We hear it all of the time, “The youth are the future of the church!” While I have some issue with that statement (the baptized in Christ are the church now), let’s take it at face value. The idea is, we want to raise up and nurture our youth in the church so that they grow up to take the reins. While this sounds all well and good, doing this in rural and small town settings is often fraught with challenge and struggle. We see dwindling numbers of young people and the ones we do have are busy beyond reason. Often little emphasis at home is placed on the value of growing one’s faith and great value is placed on…well, just about everything else. Couple that with precious few youth leaders, volunteers, helpers, money, time and on and on and we find ourselves just about at the end of the road with no idea where to go.

But brothers and sisters in Christ, until our Savior returns, we are never at the end of the road. And, we are never alone. He is there leading and guiding through His Word and Spirit so that we can take a fresh look at our situation, gain some healthy perspective and hit the ground running.

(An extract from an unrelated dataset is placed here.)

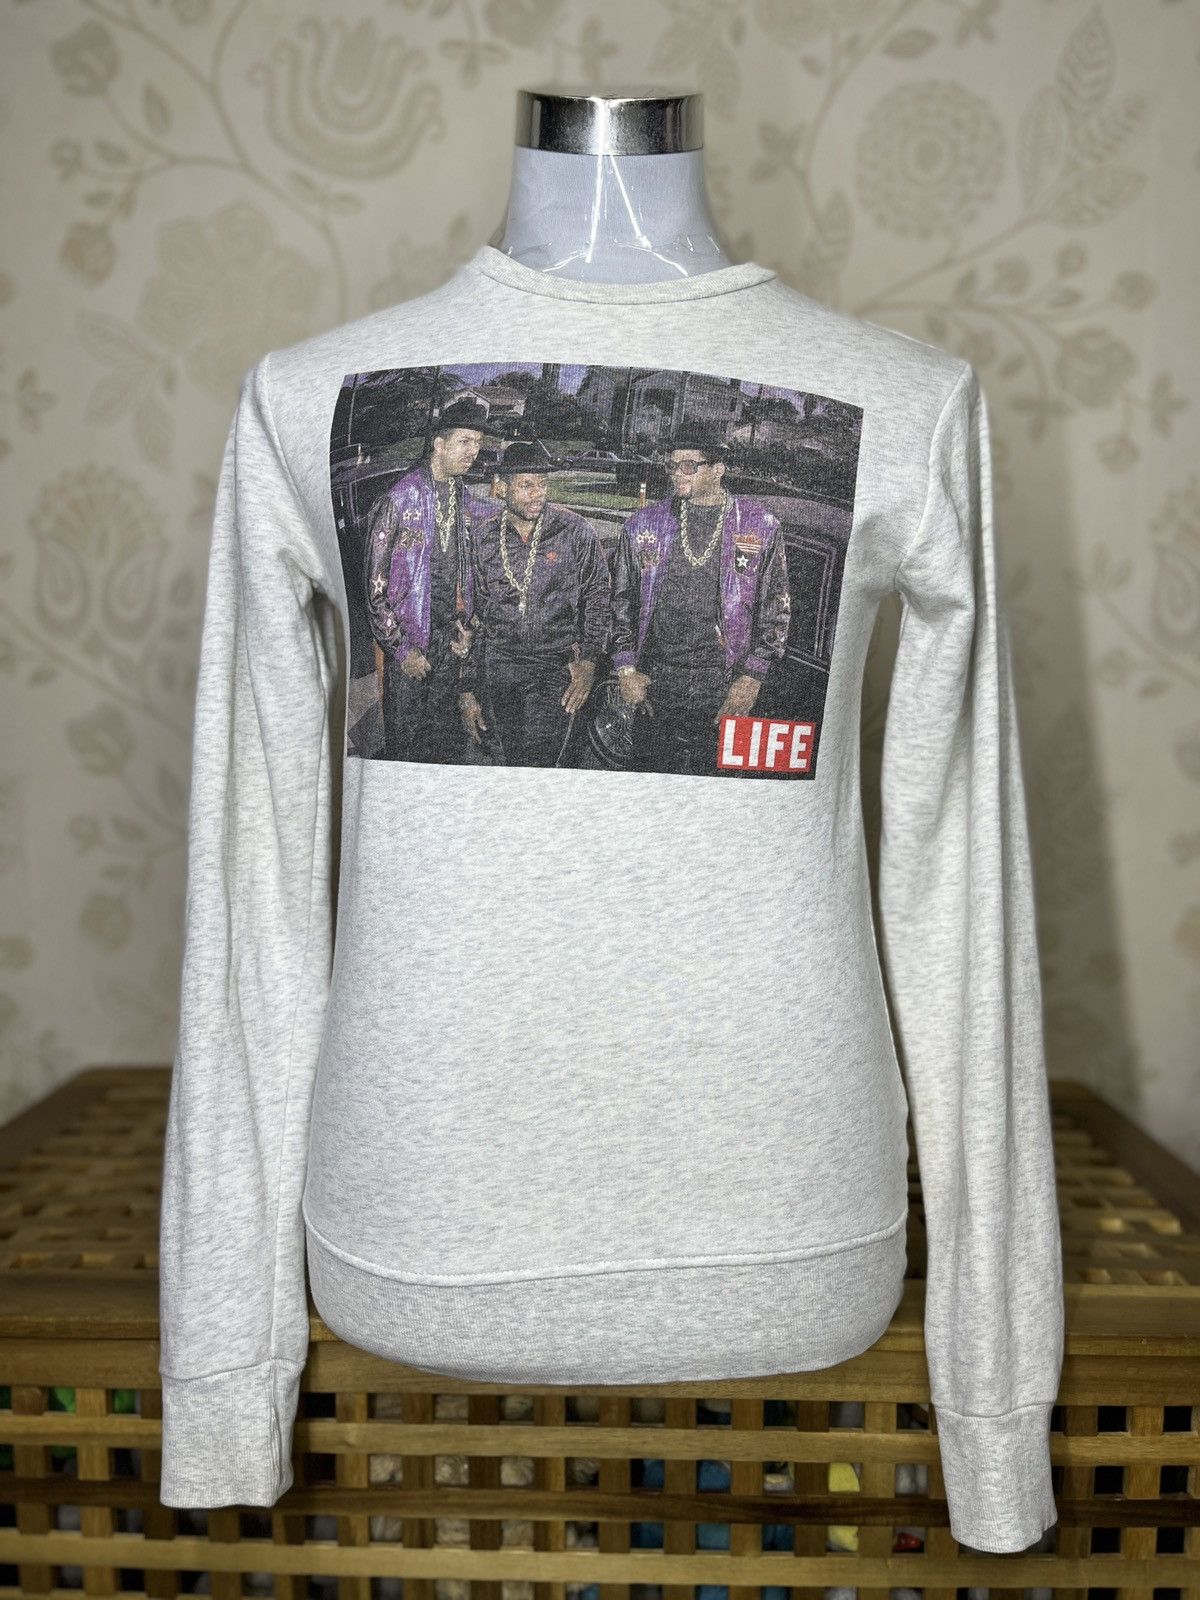 Band Tees - Rare Design RUN DMC Sweatshirts Life - 1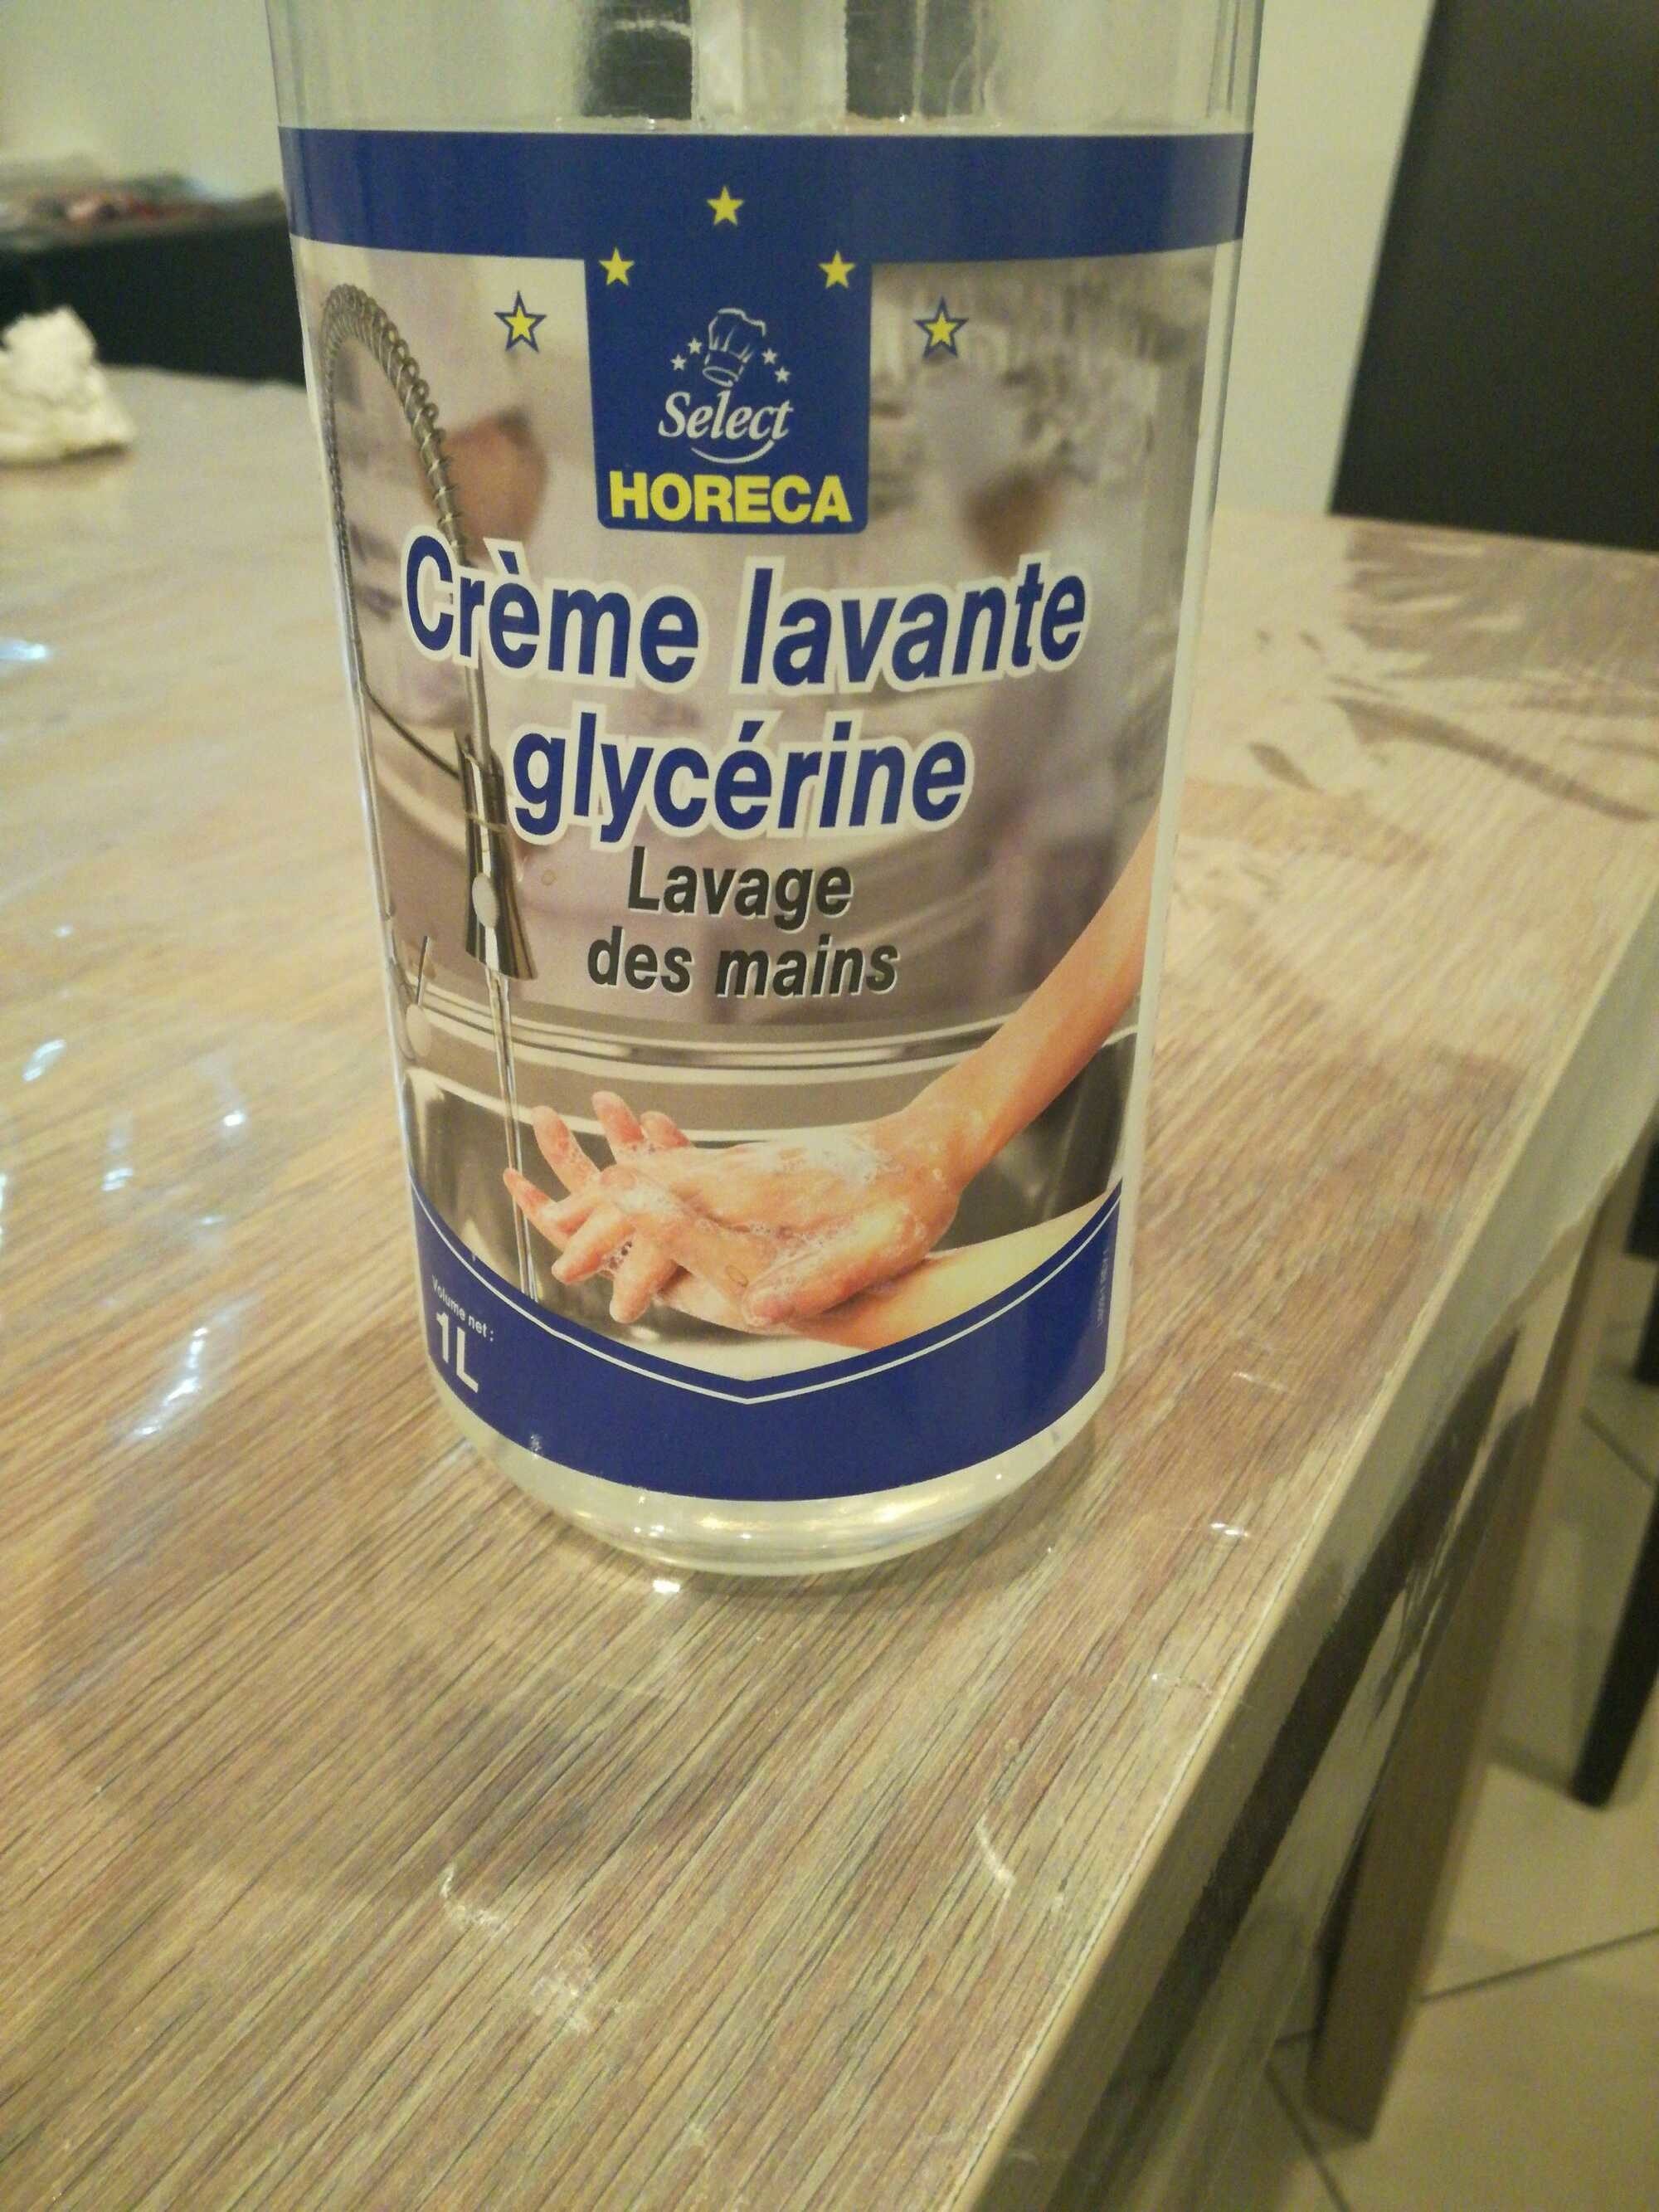 Creme lavante main glycerine - Product - fr

First, let’s look at our perspective. Let’s be realistic:

  • Don’t worry about numbers! We get so bogged down thinking that if we don’t have a large group, an event or ministry isn’t successful. Nothing could be further from the truth! Where one or two are gathered…even small numbers make big differences.
  • Don’t get bogged down with envy issues! Just because the church down the road or in the next city over has 100 kids, money to burn and sunshine and rainbows seem to cascade from every event they put on, that doesn’t mean what you do isn’t of value. Money and splash are fine if you’ve got it but building solid relationships and helping youth grow in their faith in humble and quiet ways pay lasting dividends.
  • Don’t use it as an excuse to do Nothing! Don’t become paralyzed because you don’t think you measure up. Sure, some things will go over better than others. Some youth will one day seem on fire and the next nothing but a wisp of smoke, but this is our mission as youth workers…bring the Word of Christ to our young people where and when we have opportunity.
  • Do engage your community! Discover what prospects you might have in engaging youth outside of your congregation. What are the needs in the community? Engage the youth and their families where they are; don’t expect them to seek you out. Find out what makes them tick and meet them there. Where there are competing interests, instead of getting you down, reframe them into blessings and opportunities serve and interact.
  • Do keep an eye on your future. Sometimes we wait too long to engage our youth. Take a look at your prospects and begin to develop relationships early.
  • Do take an active role in shaping the culture of your congregation and community. Assess the level of family involvement. Are parents of youth actively engaged in their own faith life and growth? If so, build on that. If you have a culture of what we call “drive by Sunday School,” attempt to build relationships with those parents so that they too can see the value of what you are trying to accomplish as you model for them positive behaviors. Cultivate the support of older members of your congregation. They can be great encouragers, mentors and role models when others may not be. If you have seasonal issues within your community or congregation (planting, harvest, community celebrations, opening day of deer season, you name it) steer clear of it. Again, it’s not about quantity but in working with youth, it really is about building quality relationships and teaching the faith.
  • Do work from your strengths, not your weaknesses! It’s too easy to focus on what we don’t have. Let’s take those assets the Lord has blessed us with and use them for the good of His Kingdom!
  • Listen! Listen to what the YOUTH want to do. Make it Youth Group not You Group. Focus on ministry. This is what it is about, not programming. Allow the youth to lead while you encourage and equip them.
  • Look! Where are the youth? Work with their crazy schedules so that youth group is a ‘want to’ not a ‘have to’. Seek out opportunities to meet them where they are…athletic events, school programs. A little goes a long way, then follow up with them about how much you enjoyed seeing them (you fill in the blank)!
  • Love! Love ’em when you got ’em! Seems simple and it is! Being a teen is tough, that’s why we want to show them Jesus and His love! While you don’t have to (and often shouldn’t) set the agenda, do address relevant topics. Your youth actually do want to discuss their world and how their faith intersects with it. Don’t preach a watered-down, surface-level version of Christianity.  Feel good lessons can be all warm and fuzzy but love your youth enough to get down in the muck and mire with them so that they can see what and why we believe what we believe. Encourage interaction and be willing to listen and change.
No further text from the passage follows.